Execution of CCTs in rural satellite facilities using remote monitoring can effectively decentralize clinical trials beyond the social, economic, and geographical barriers. Decentralized clinical trials can lead to accelerated enrollment of a more diverse participants representative of the target population. The screen failure rate in the satellite site was also favorably similar as compared with the urban site.
Conclusion
We herein report our experience in the rapid and successful implementation of a CCT across a shared resource hospital system. The local decentralization of this trial gave rural patients access to a novel treatment option and across a time frame in the pandemic when zero to only two (dexamethasone and remdesivir) treatment options were recommended and enabled an increased accrual of a diverse cohort of patients.
Acknowledgments
The development of this manuscript was supported by the National Center for Advancing Translational Sciences (NCATS) of the National Institutes of Health under the award number UL1TR002649. Its contents are solely the responsibility of the authors and do not necessarily represent official views of NCATS.

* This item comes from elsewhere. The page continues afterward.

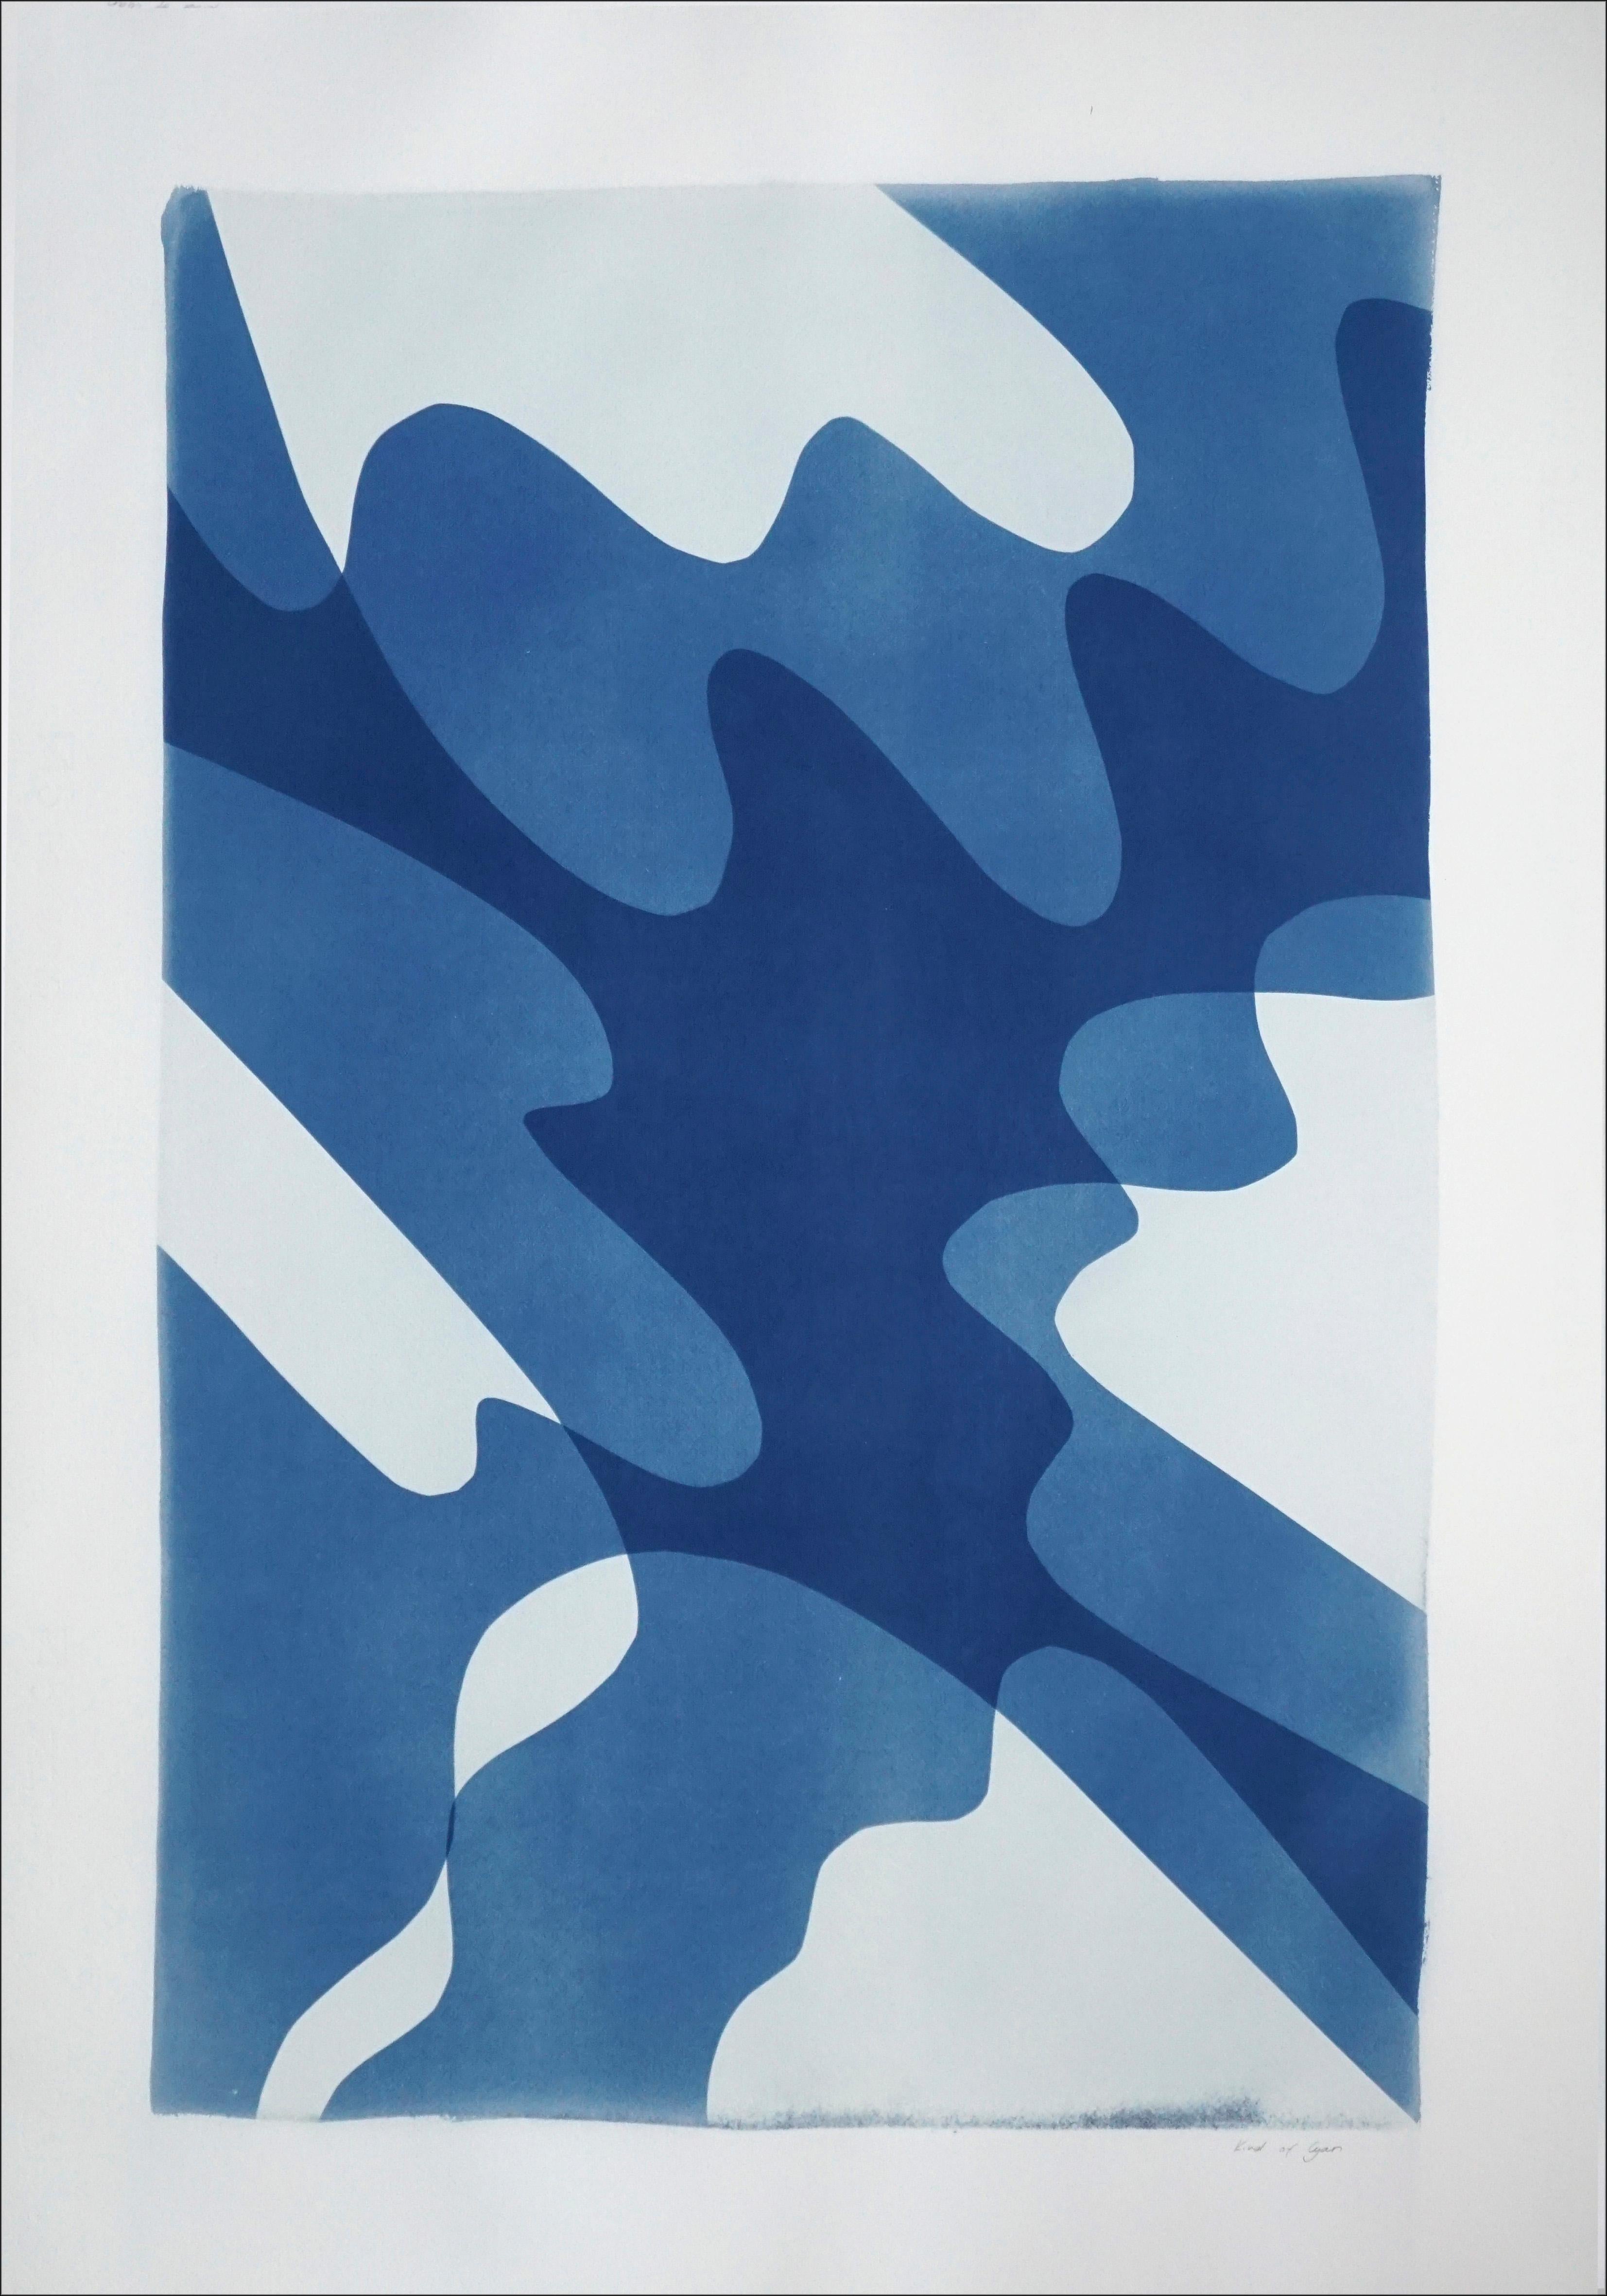 Kind of Cyan Abstract Print - Shaky Shadows, Handmade Monotype of Minimal Abstract Shapes and Layers in Blue
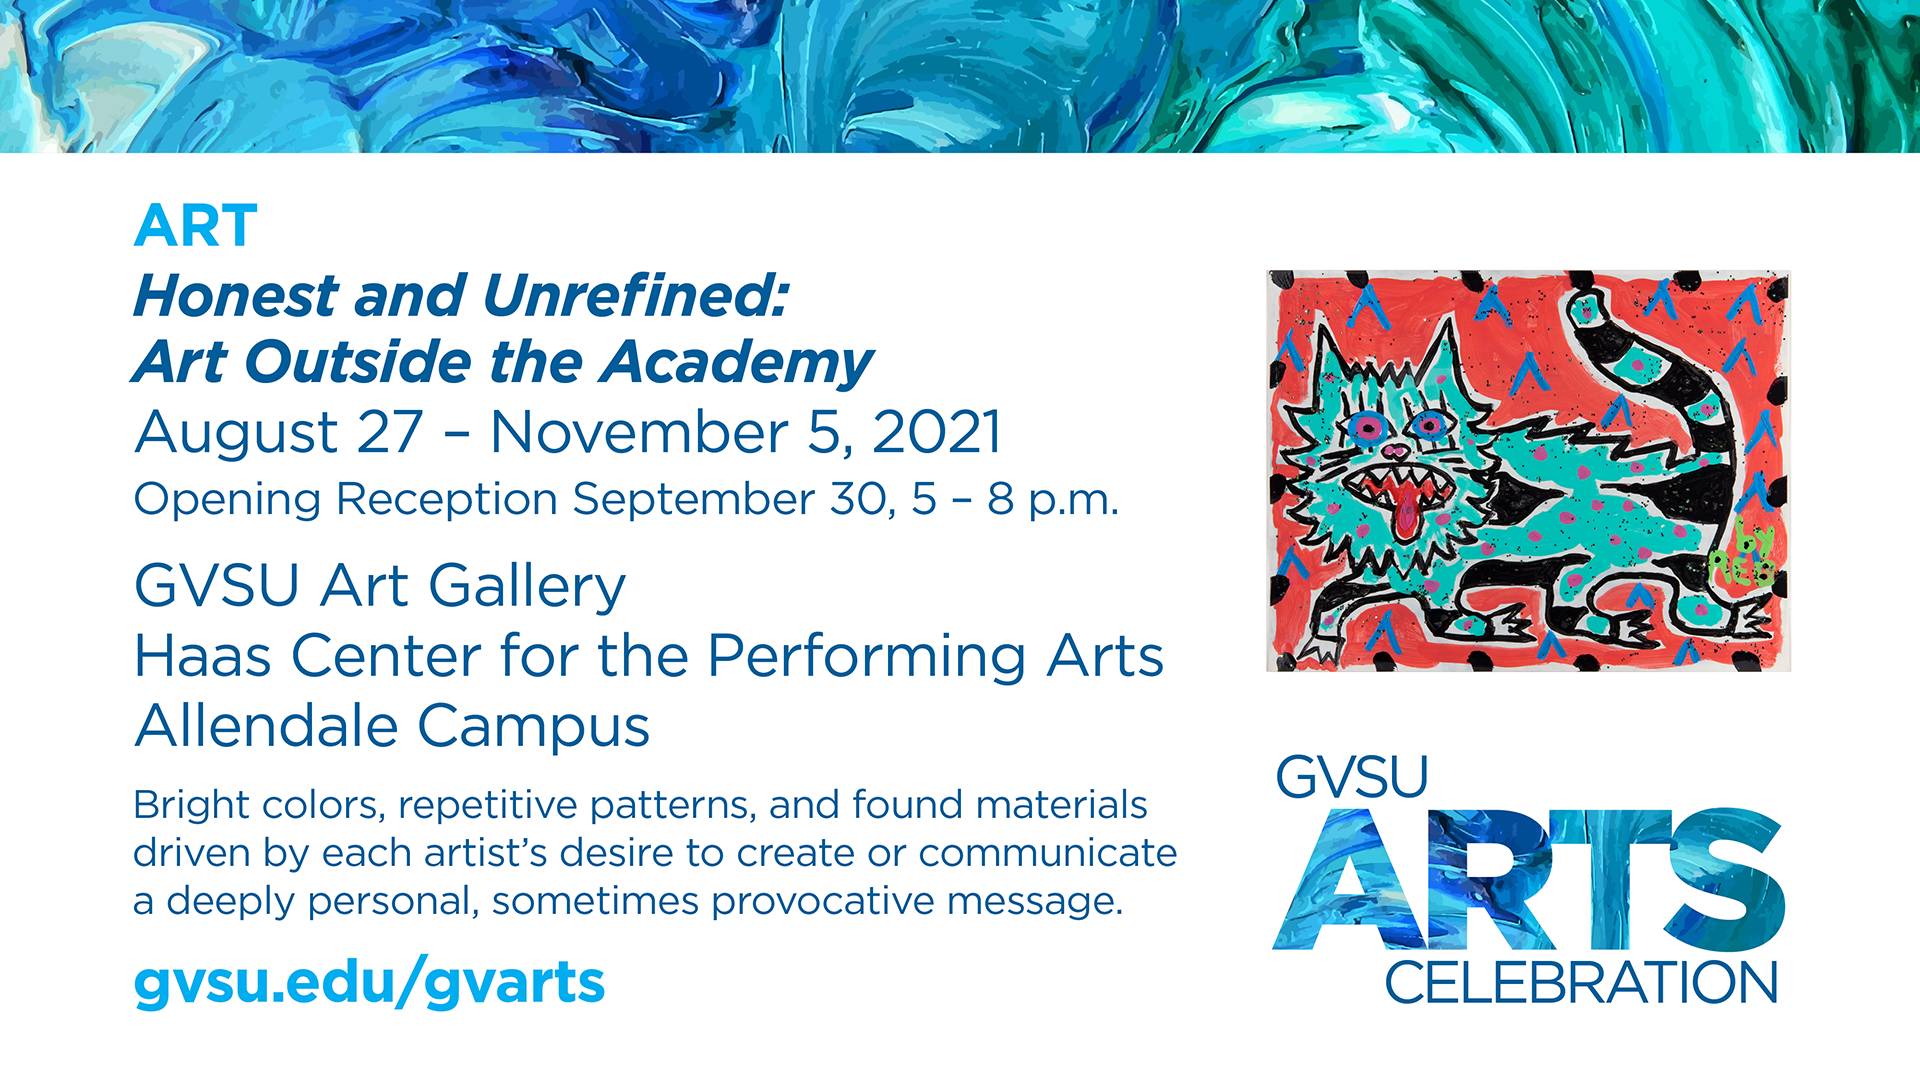 Ad for "Honest and Unrefined: Art Outside the Academy"

This article did not receive any specific grant from funding agencies in the public, commercial, or not-for-profit sectors. Dr. Abbate is supported by a National Center for Advancing Translational Sciences (NCATS) of the National Institutes of Health under the award number UL1TR002649.
Disclosures
The authors have no conflicts of interest to declare.
Ethics Approval and Consent to Participate
The study was reviewed and approved by the Institutional Review Board. Written informed consent was obtained from all the trial participants.